Say we want to calculate the Laurent series of $\tfrac{1}{z^2(z-1)}$ about $z_0=0.$ Now I know that one way to do it is to say that $f(z)=\tfrac{1}{z^2}(\tfrac{1}{z-1})$ and appy the geometric series expansion to the brackets term. But I wanted to try and do it a different way :
First we split f into partial fractions and compute the Laurent series separately.Now consider the Laurent expansion of $\tfrac{1}{z^2}$
We know that $0$ is a pole of order 2 which implies that $\forall n>2,a_{-n}=0$. Therefore $\tfrac{1}{z^2}$ haa series expansion $\tfrac{a_{-2}}{(z-z_0)^2}+\tfrac{a_{-1}}{z-z_0}+a_0+a_1(z-z_0)+...$
Now to calculate the the $a_{-2}$ coefficient I applied the following trick
$a_n=\tfrac{1}{2\pi i} \int_{\gamma}\tfrac{f(z)}{(z-z_0)^{n+1} }dz=\tfrac{1}{2\pi i} \int_{\gamma}\tfrac{1}{(z-z_0)^{n+3}}dx=\tfrac{1}{2\pi i} \int_{\gamma}\tfrac{1}{z^{n+3}}dz$
$a_{n-2}=\tfrac{1}{2\pi i} \int_{\gamma}\tfrac{1}{(z-z_0)^{n+1} }dz=\tfrac{f^n(z_0)}{n!}$ But as n $f(z)=1$ this implies that $n$ must be zero and so $a_{-2}=1$
Now when I tried to use the same trick on $a_{-1}$ It doesn't work because now we can't use Cauchy's formula. Also when I tried to use u substitution by letting $u=z-z_0$ it returns that $a_{-1}=-\tfrac{1}{z}$ but I know this is not rue as I know from the method that I mentioned in the first paragraph that $a_{-1}=1$ So does anyone have any suggestions on how I can find $a_{-1}$ continuing with the method I'm trying to use ?
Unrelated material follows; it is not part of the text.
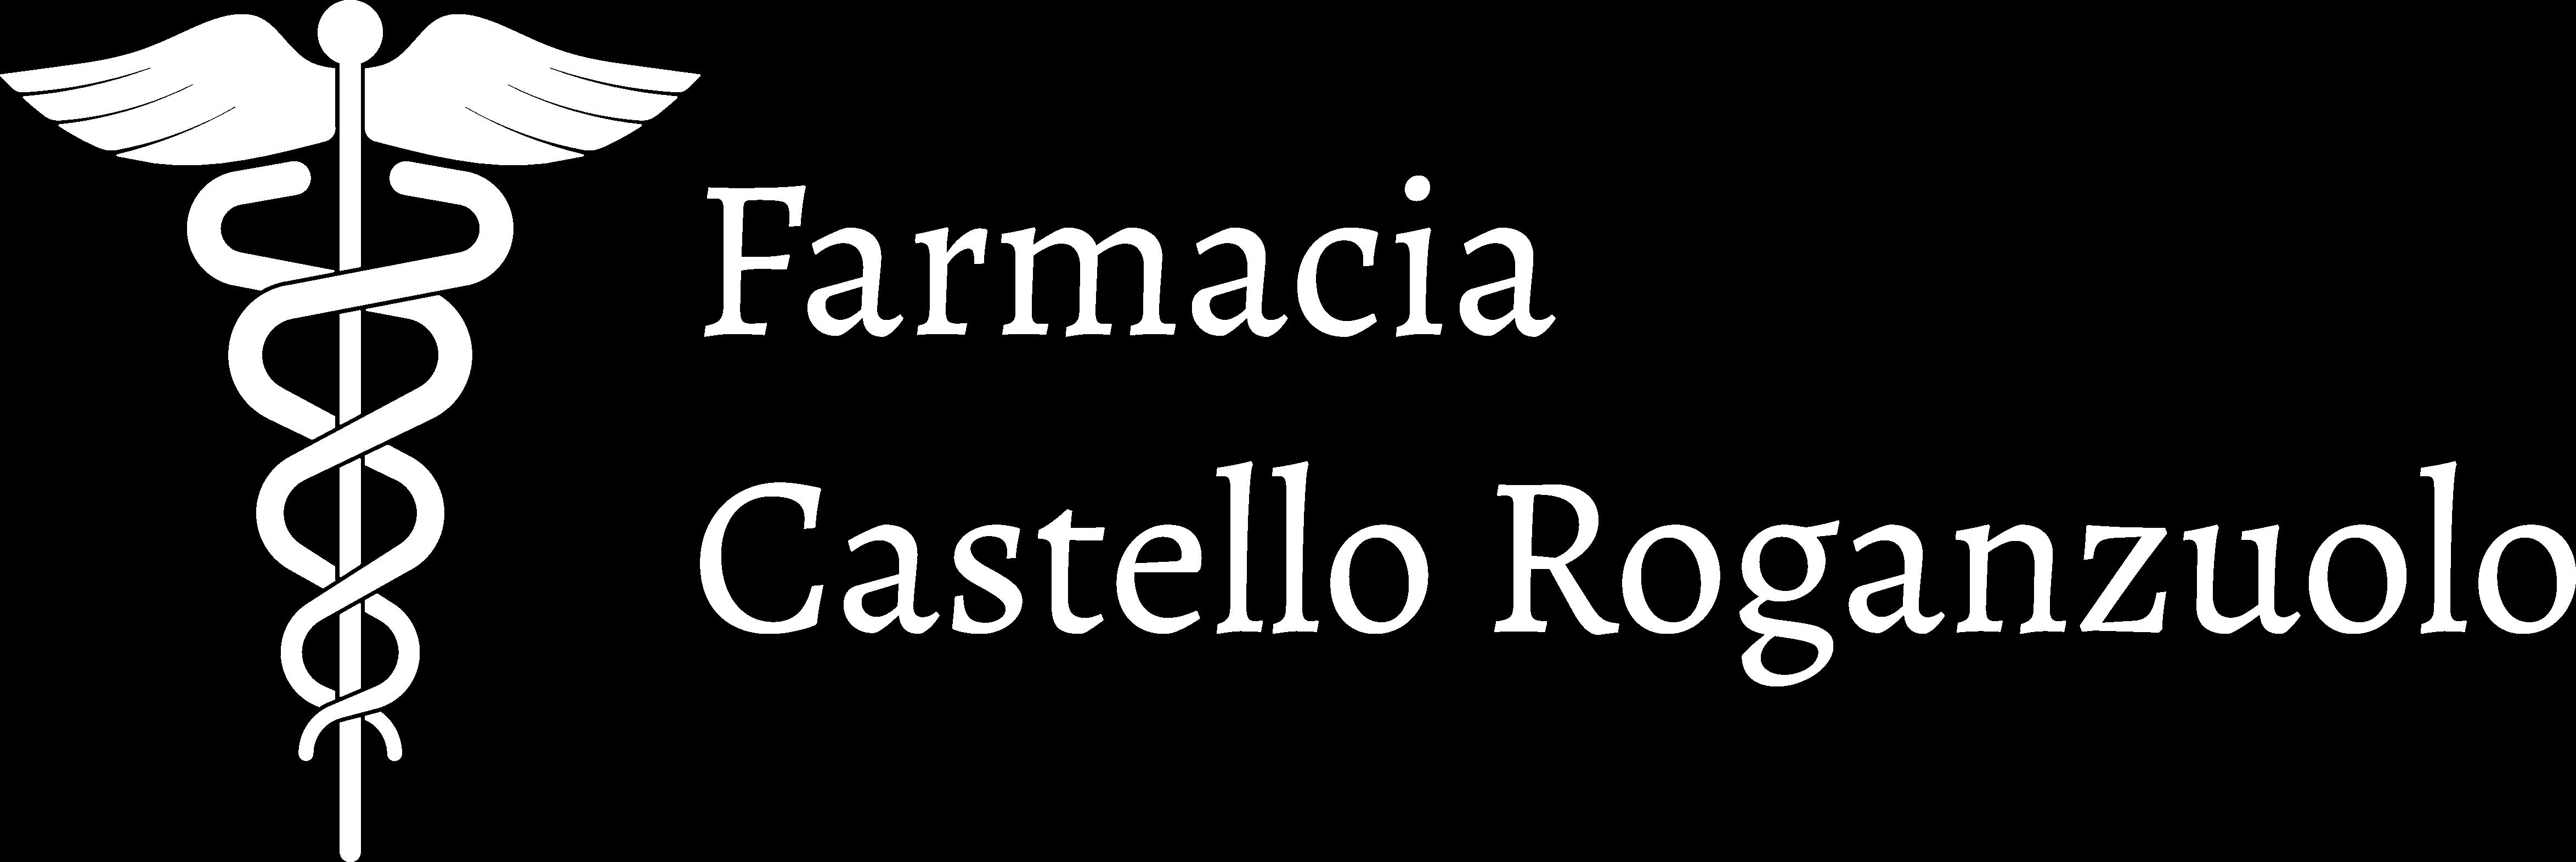 Farmacia Castello Roganzuolo

Note : originally this had a typo that said expansion about 1 , it should always have read expansion about zero.
You're expanding around $z=1$. In a neighborhood of that point, $\frac1{z^2}$ is an analytic function. There won't be any negative-degree terms coming from that part - only the pole at $1$ can contribute anything of negative degree to the expansion.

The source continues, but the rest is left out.